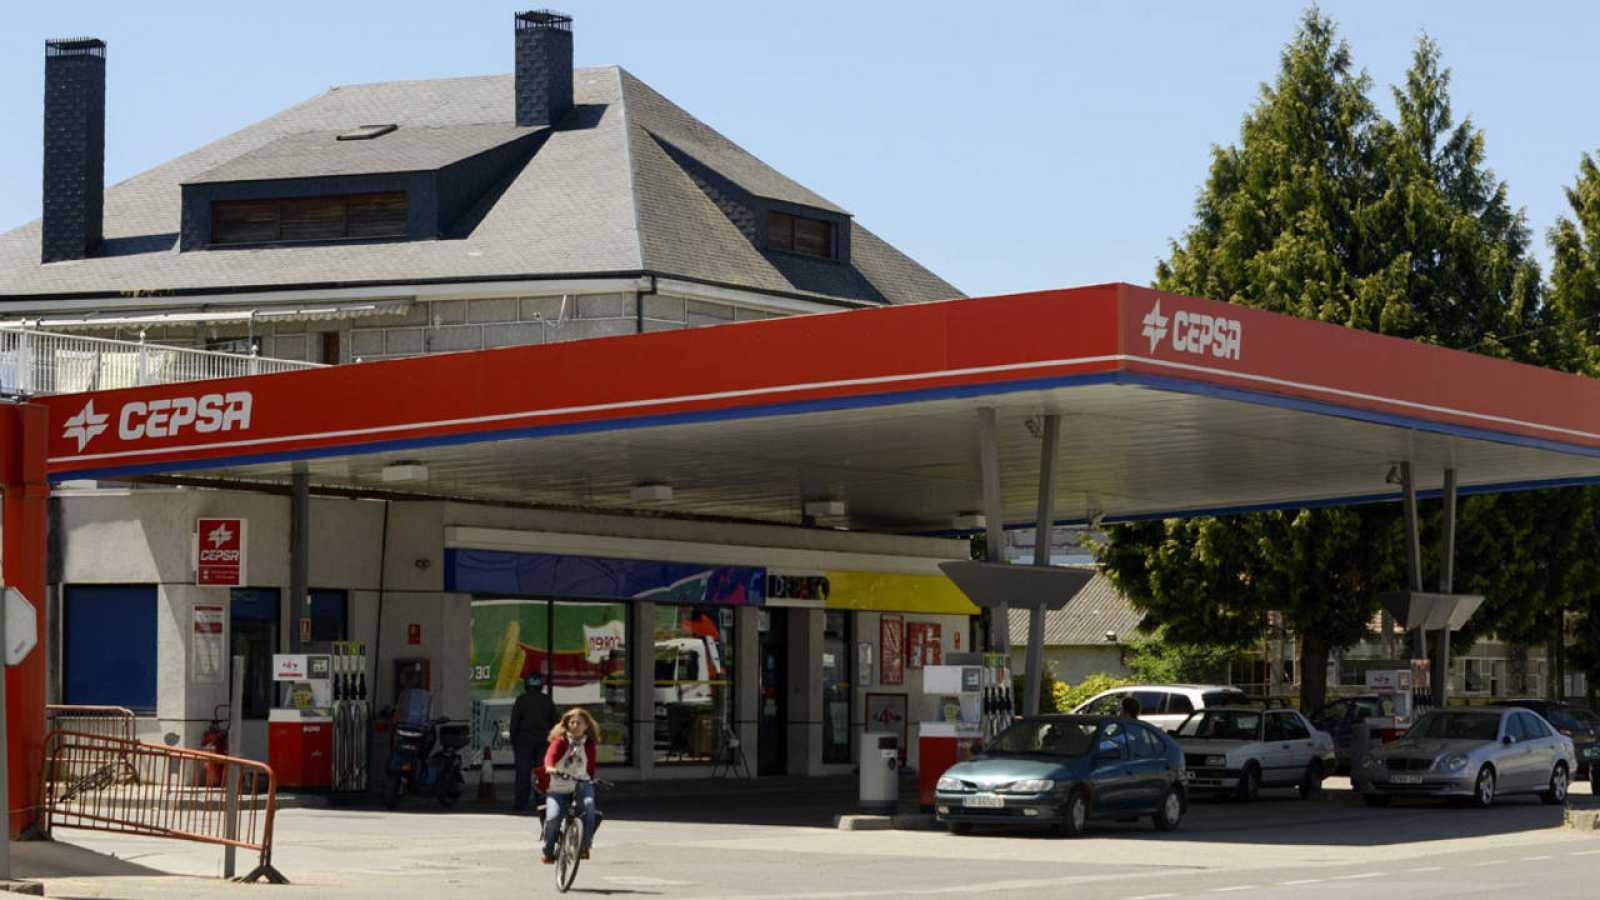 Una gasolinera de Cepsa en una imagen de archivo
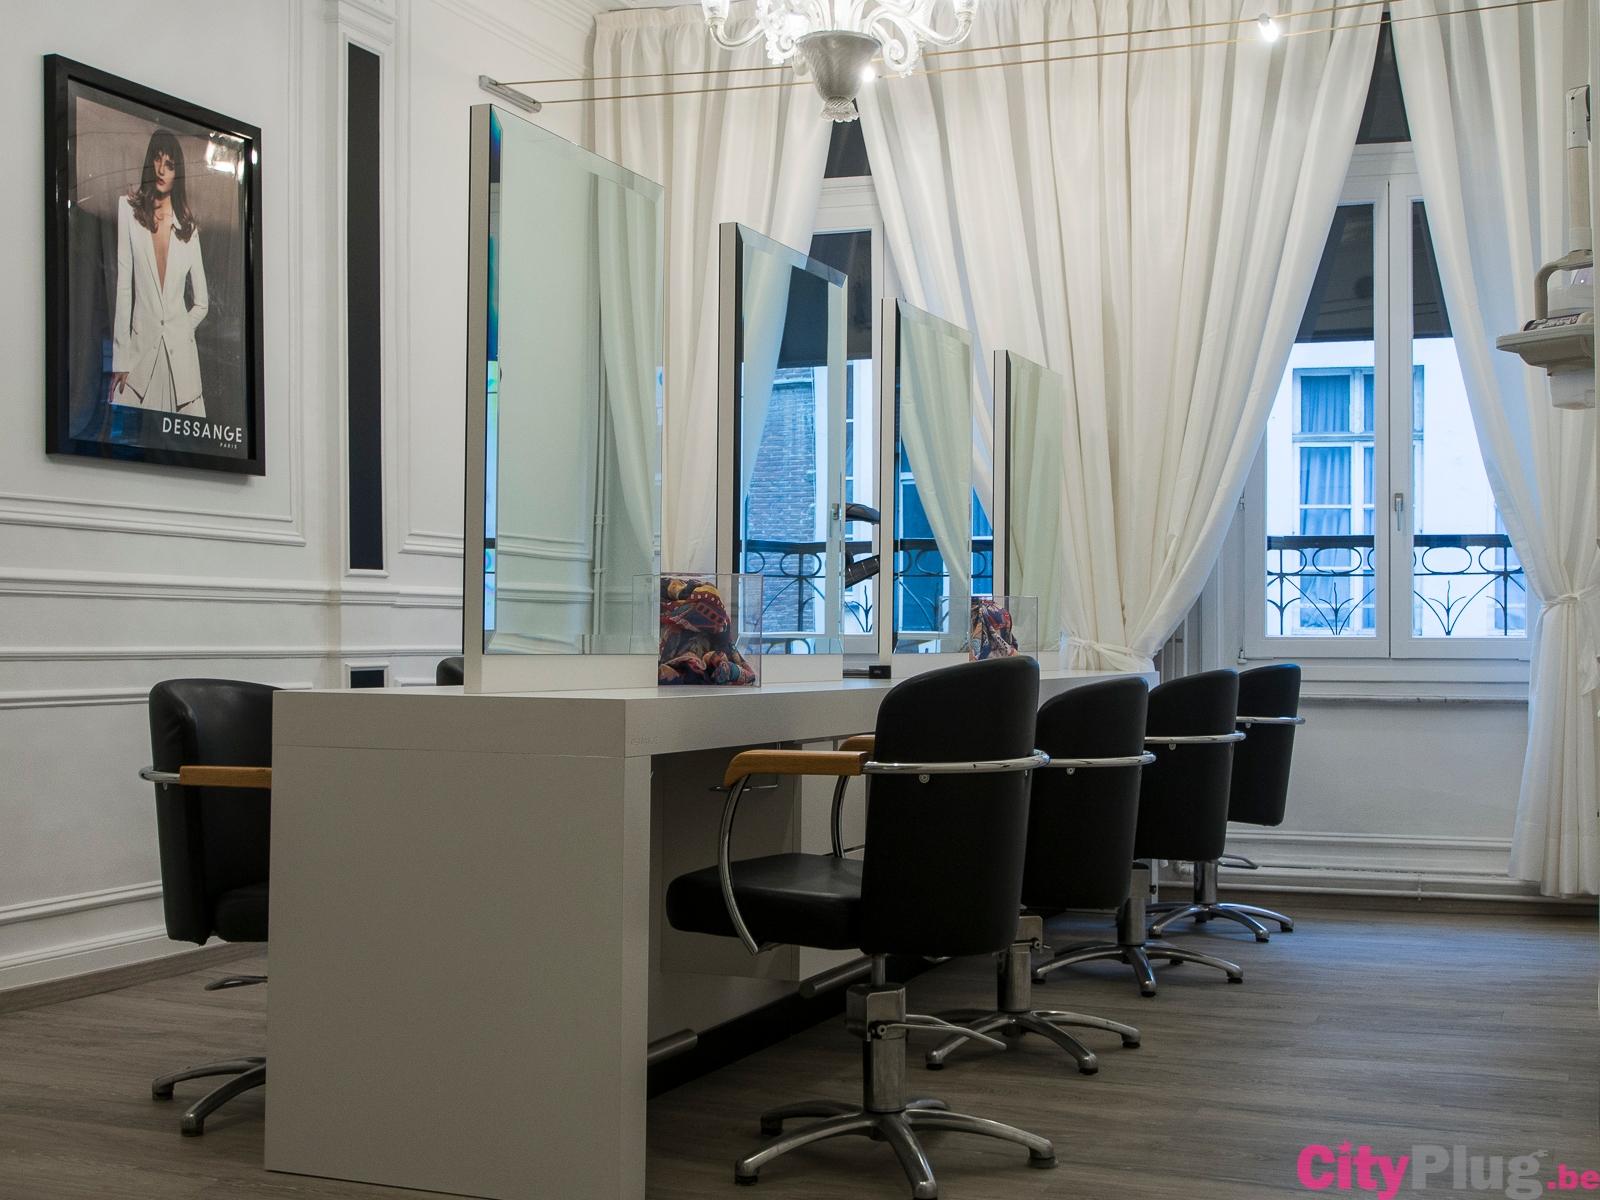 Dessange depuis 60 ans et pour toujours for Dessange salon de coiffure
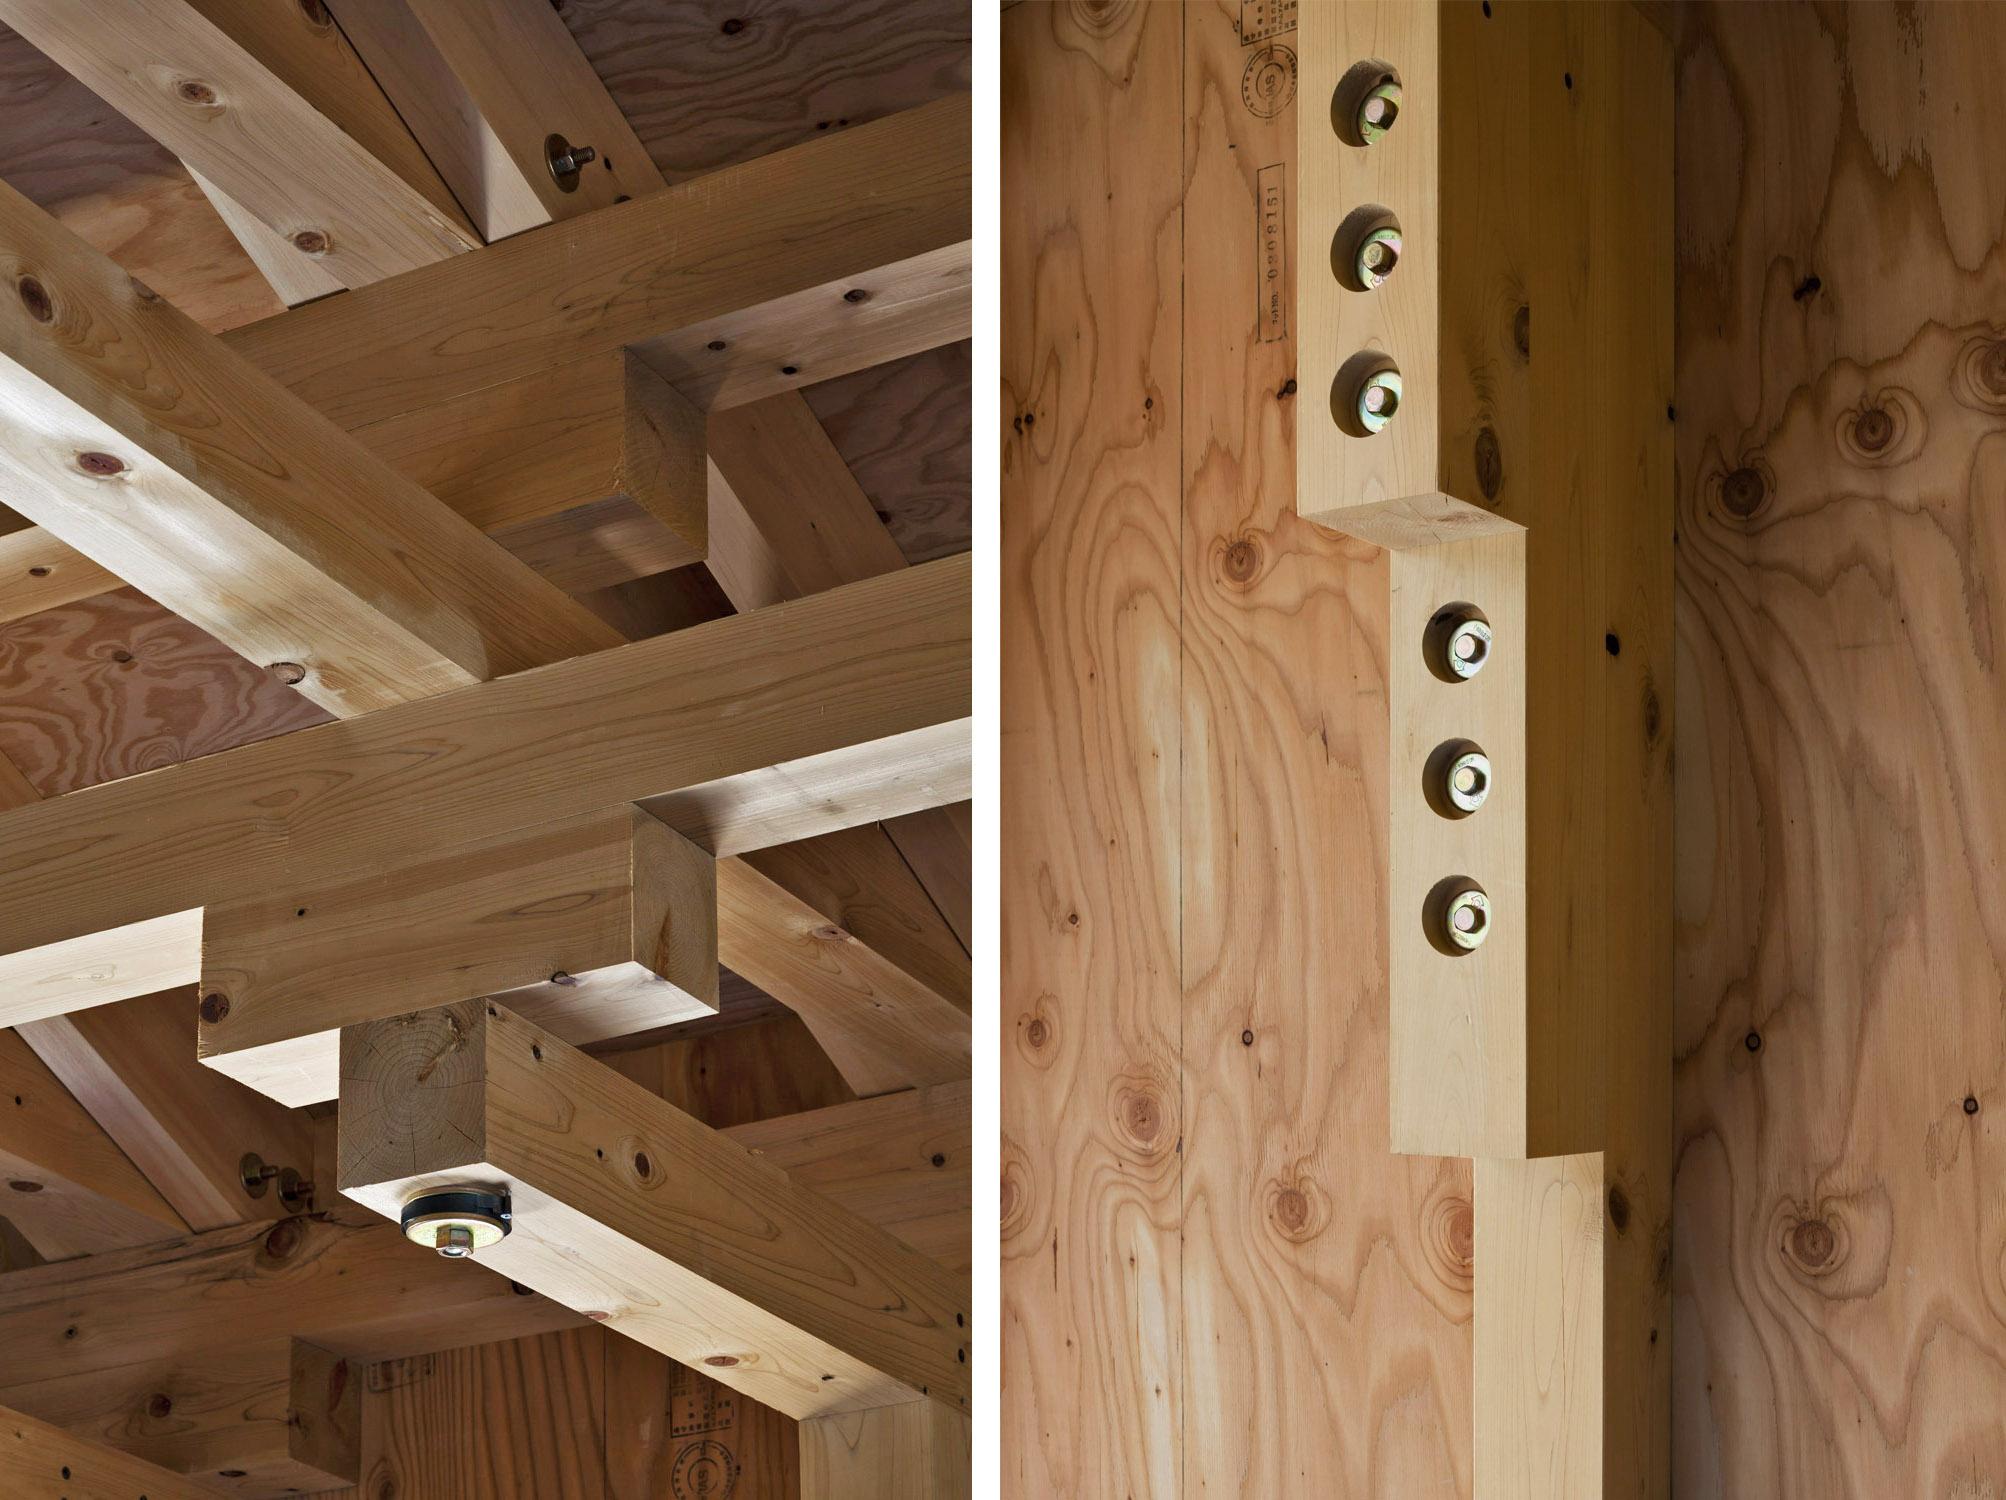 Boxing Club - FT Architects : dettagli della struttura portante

============================================================

TASK STATEMENT:
Set down all of the material above exactly as written, leaving the pictures out.

OUTPUT OF THE TASK:
 Una gasolinera de Cepsa en una imagen de archivo
 Dessange depuis 60 ans et pour toujours for Dessange salon de coiffure
 Boxing Club - FT Architects : dettagli della struttura portante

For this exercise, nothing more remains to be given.